→ GIVEN INFORMATION
********

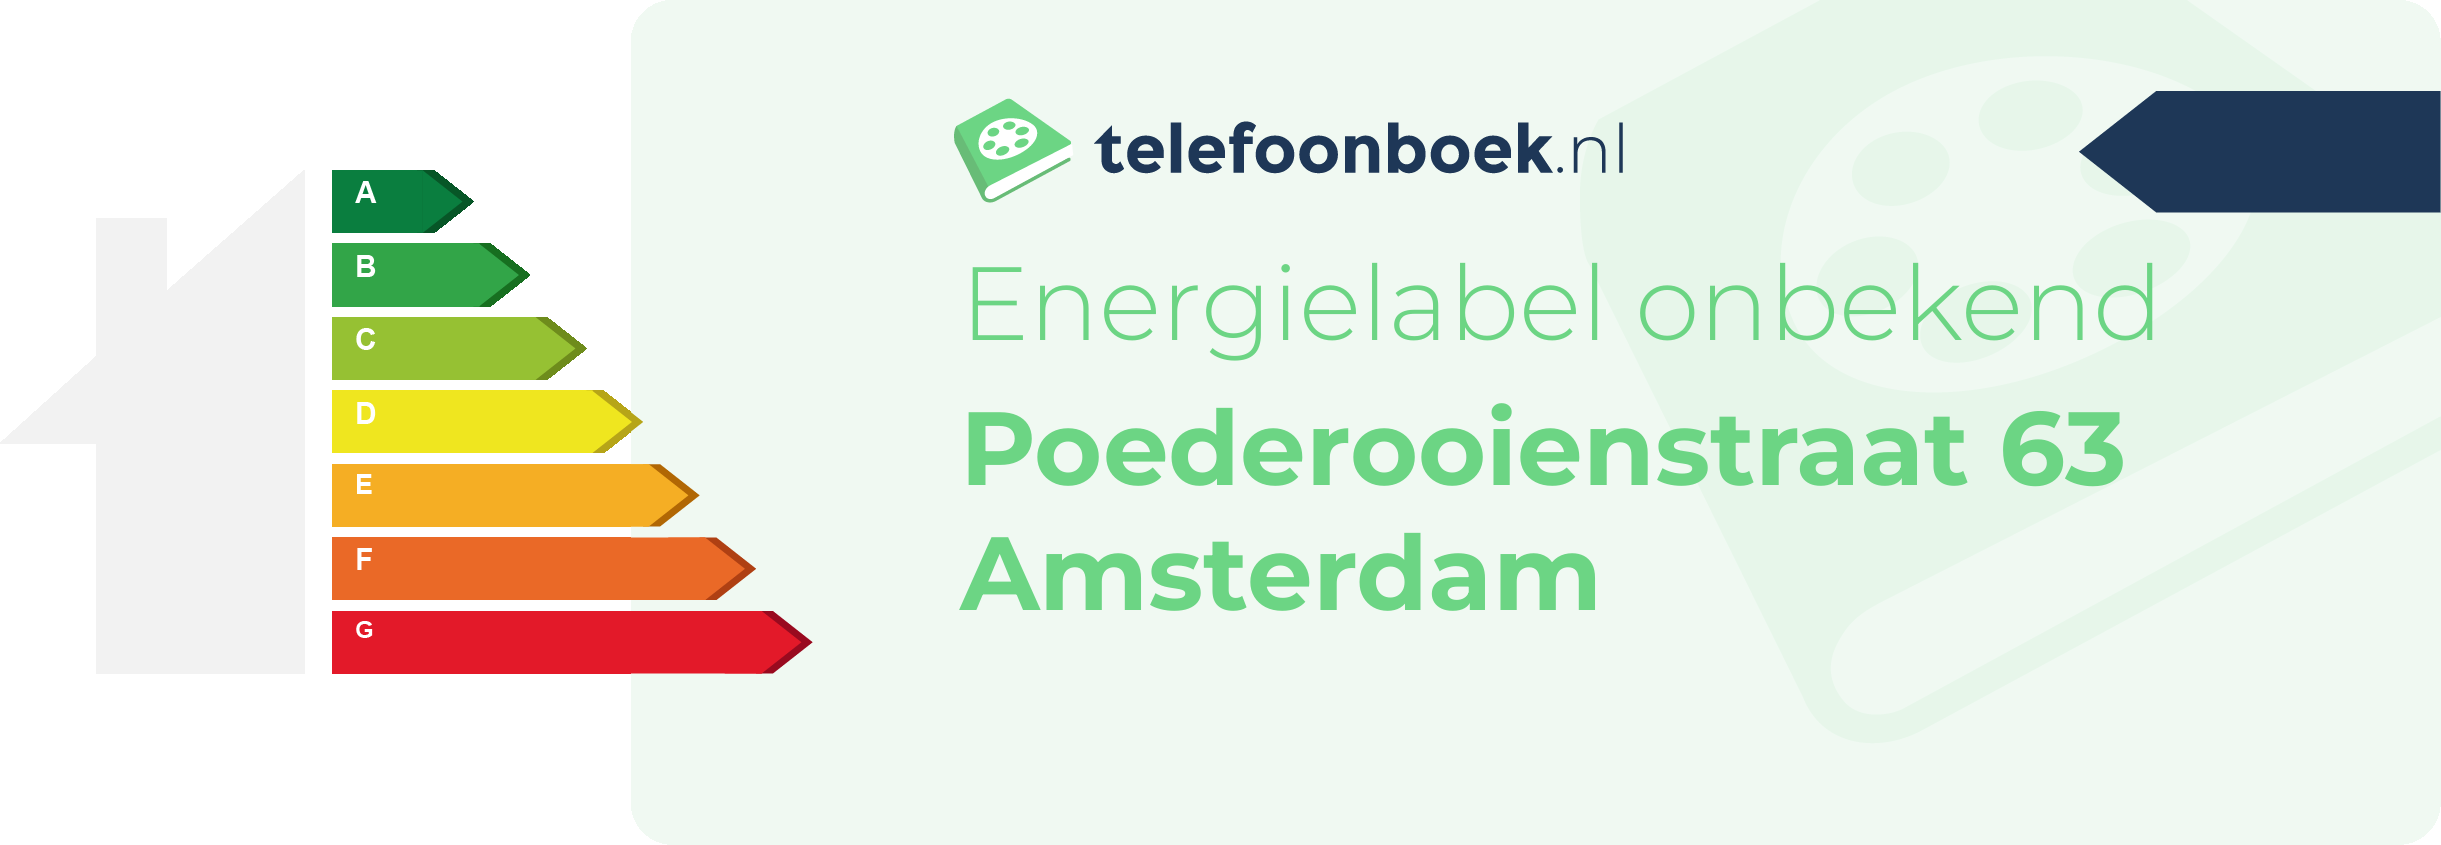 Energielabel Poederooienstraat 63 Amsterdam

********

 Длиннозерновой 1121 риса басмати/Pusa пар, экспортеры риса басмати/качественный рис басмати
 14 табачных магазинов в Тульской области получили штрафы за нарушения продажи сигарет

********

→ DIRECTIONS
From the entries above, return exactly the line containing "Длиннозерновой 1121 риса", the line containing "14 табачных магазинов", and all lines between, and nothing else.

→ ANSWER SECTION
 Длиннозерновой 1121 риса басмати/Pusa пар, экспортеры риса басмати/качественный рис басмати
 14 табачных магазинов в Тульской области получили штрафы за нарушения продажи сигарет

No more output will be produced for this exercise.